This is the third entry in what I hope will become a book-length series of posts. That result, if it comes to pass, will amount to an unorthodox economics textbook. Here are the chapters that have been posted to date:
1. What Is Economics?
2. Pitfalls
3. What Is Scientific about Economics?
4. A Parable of Political Economy
5. Economic Progress, Microeconomics, and Macroeconomics
Perhaps the biggest pitfall that awaits an economist, student of economics, or reader of economic literature is the belief that economics is a science because of its mathematical and statistical content. David S. D’Amato takes a clear-headed view in “Is Economics a Hard Science?” (The American Spectator, January 4, 2017):
[E]conomists and social scientists are gathering and analyzing statistical data constantly. [But] those data are limited by the density of the causal atmosphere of the environment from which they emerge, a rich and variable sea of causes and effects. Isolating one or even a few factors becomes impossible.
As Jim Manzi explains in his book Uncontrolled, “[W]e can never be sure that any experiment actually has controlled for every possible alternative cause of an outcome.” And while this is, of course, true in every field of inquiry, the problem is especially acute within the social sciences, so-called. That’s because, as Manzi observes, “human social organizations have a causal density that dwarfs anything astrophysics considers.”…
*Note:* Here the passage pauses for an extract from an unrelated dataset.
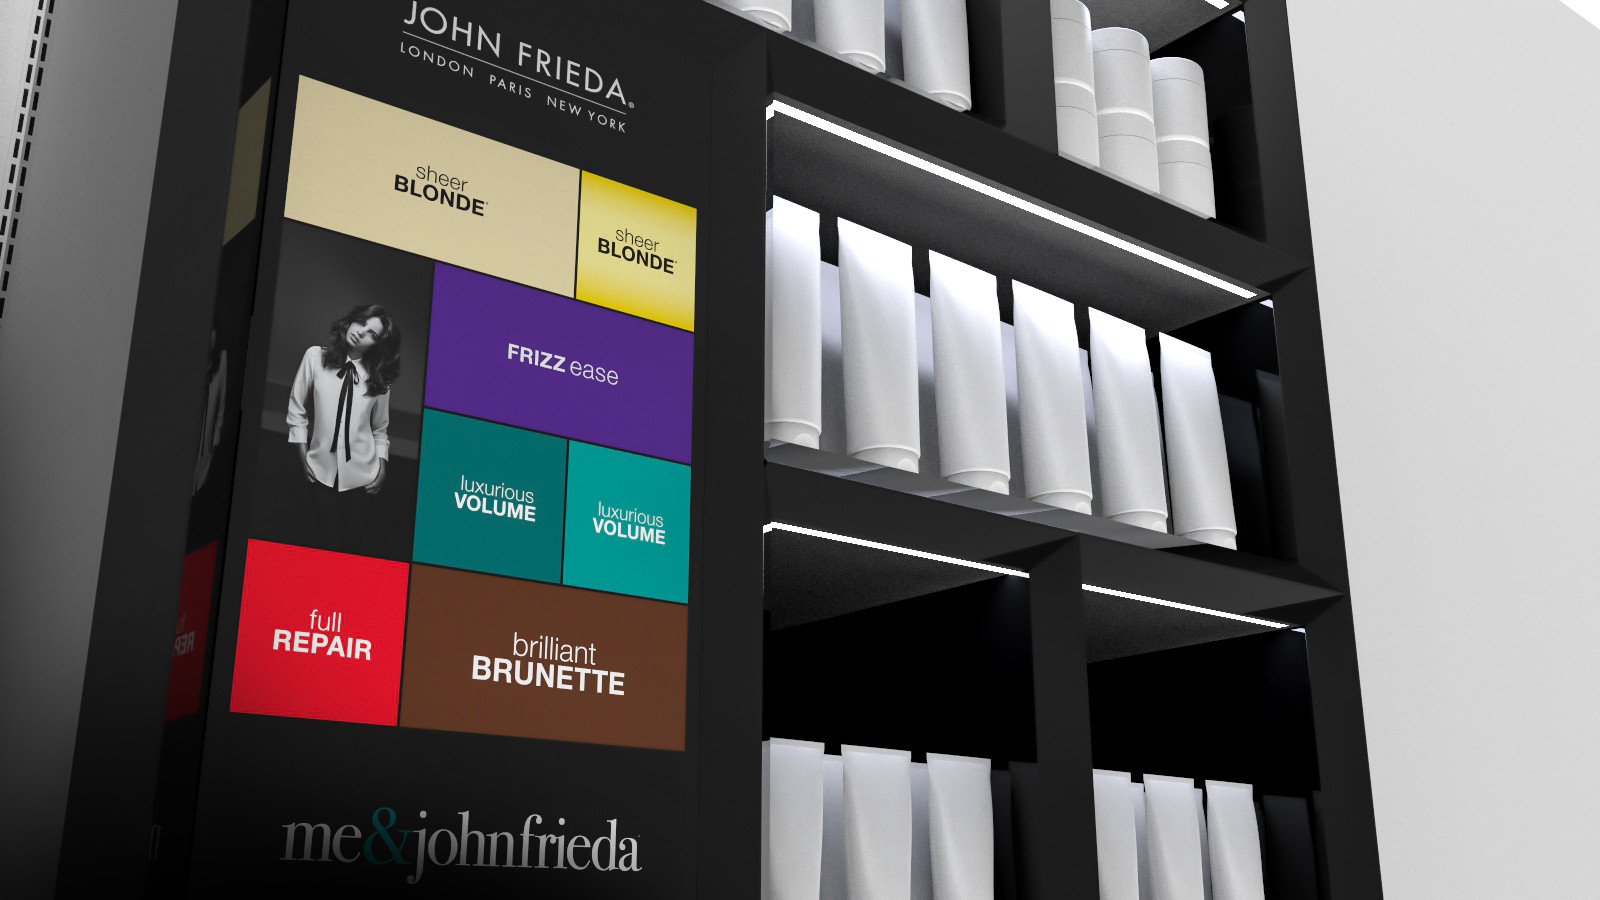 John Frieda 2nd placement 3.jpg

For any given observable phenomenon, the scientist must attempt to parse a convoluted web of actual and potential causes. Unable to control the experiment, its environmental inputs, groups, etc., the social scientist is unable to know whether the hypothesis being tested has been confirmed. This causal density means economic data must always be the subject of several competing explanations, informed by ideology and extra-economic social theory…
…The great classical liberal political economist Jean-Baptiste Say foresaw the complacency of today’s economists, their tendency to oversell the power of data and mathematics. Anticipating the praxeology of Ludwig von Mises, Say held the proper foundations for economics are “the rigorous deductions of undeniable general facts,” not “new particular fact[s]” (i.e., statistics), but basic laws of human action….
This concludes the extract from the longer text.